Finally, sport was the subject of the closing panel of the conference. MARTYN SMITH (London) studied the idea of nation in Japan in the context of the 1964 Tokyo Olympic Games. He argued that the Japanese government staged the country as a modern power, capable of competing with the West. Furthermore, it aimed at reintegrating Japan into Asia and was even pushing for recovering its leading position in the region. At the same time, however, the popular media reacted very differently to the Olympics. They criticized the American consumption culture and favoured European identity and soundness.

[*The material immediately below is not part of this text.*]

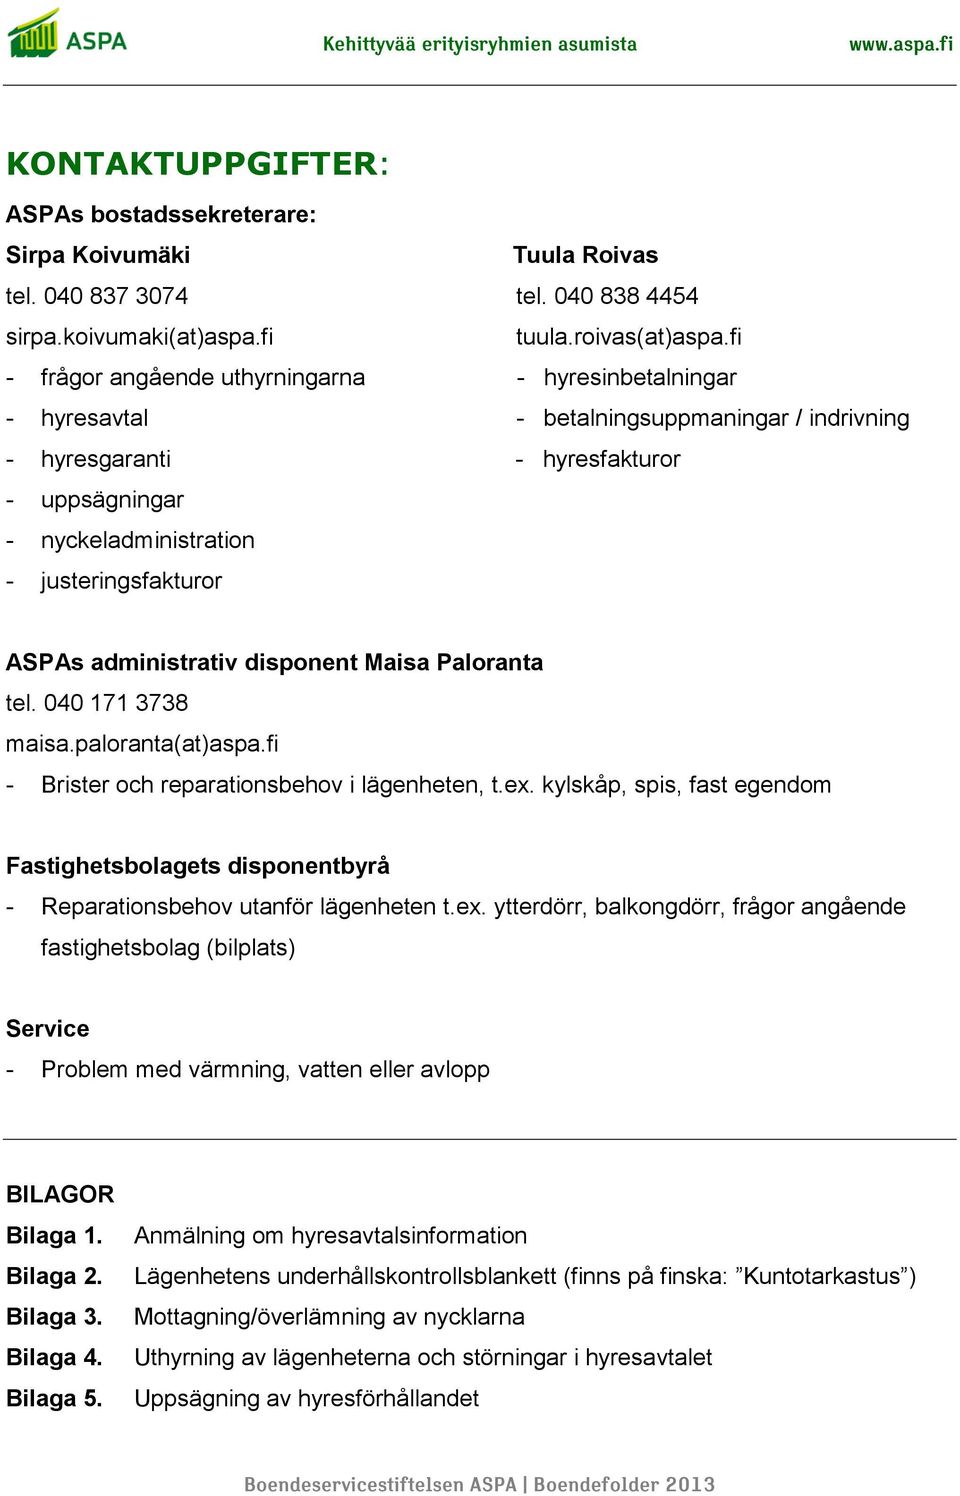 ASPAs administrativ disponent Maisa Paloranta tel. 040 171 3738 maisa.paloranta(at)aspa.fi - Brister och reparationsbehov i lägenheten, t.ex.
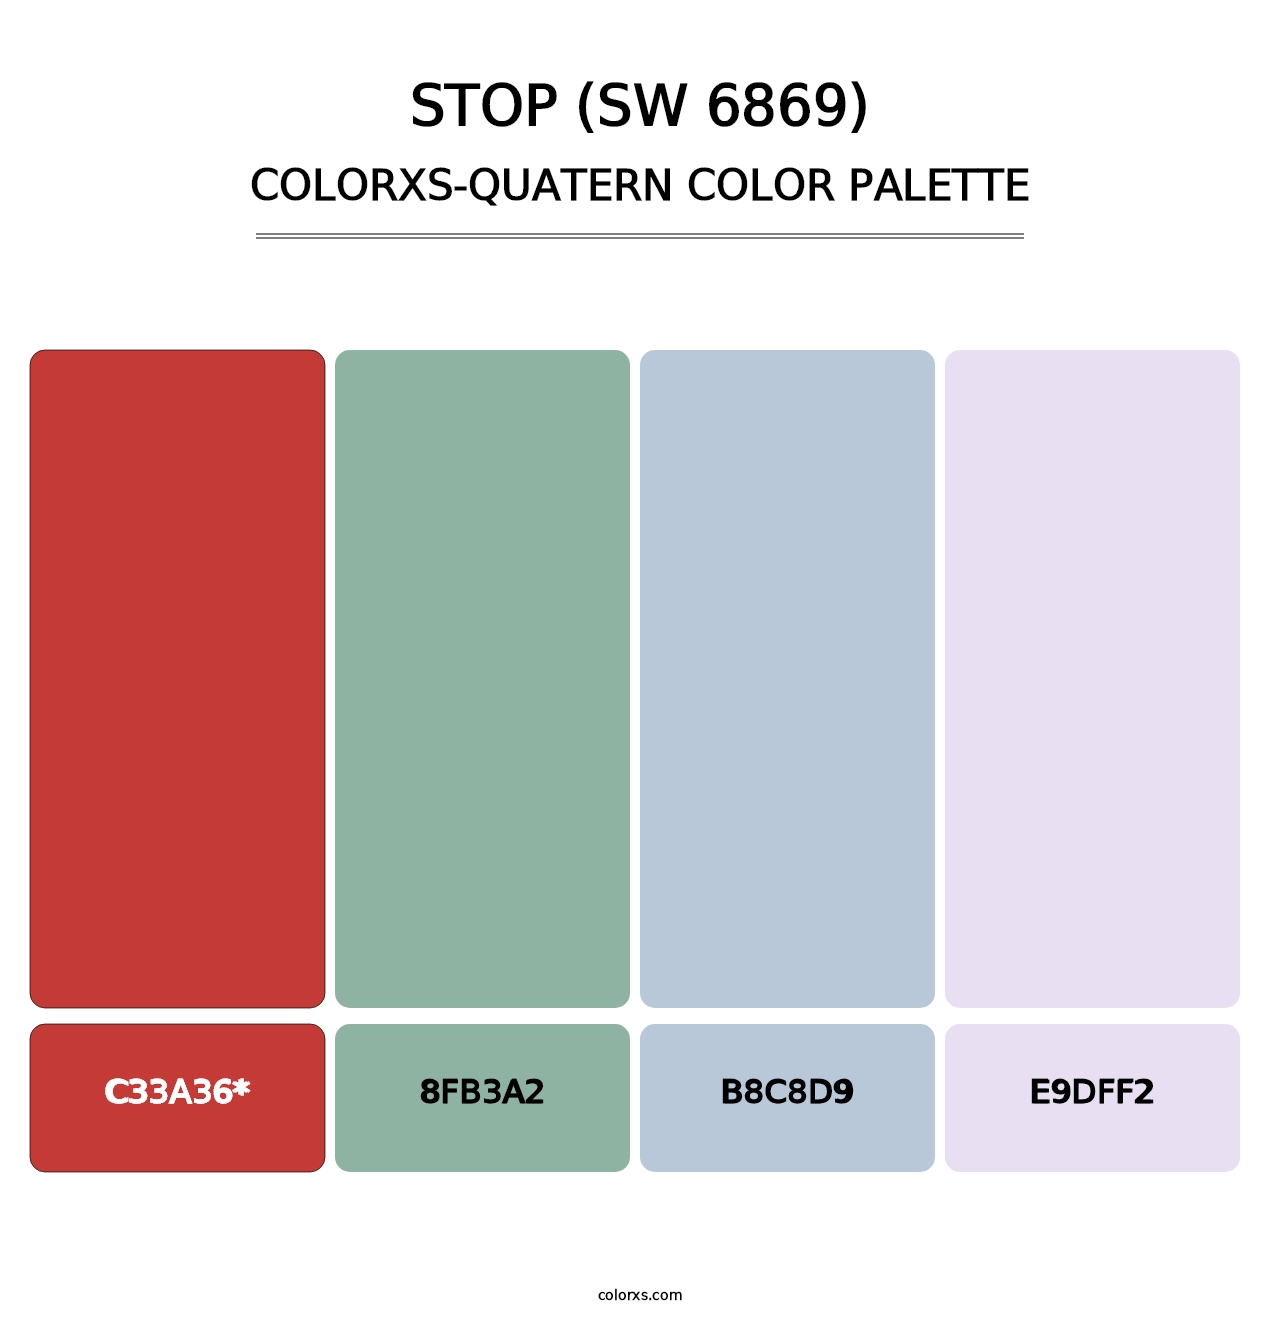 Stop (SW 6869) - Colorxs Quatern Palette

The games also presented a modern dream: Tokyo had become a cosmopolitan city which had successfully followed the path of modernization. By comparison, the Chinese government in the 1950s and 1960s used sports events to stage the nation in order to strengthen pan-Asian relations and to promote socialism, argued AMANDA SHUMAN (University of California, Santa Cruz). After the Bandung conference (1955) the Chinese followed a policy of making sports alliances, especially focusing on the South-East Asian and African regions. Its aim was to leave behind Russian and American influences and to become an Afro-Asian leader instead - which led to tensions with the International Olympic Committee. From 1966, after the beginning of the Cultural Revolution, China turned inward and “tiyu” (sports, physical culture) as a means of diplomacy came to an end.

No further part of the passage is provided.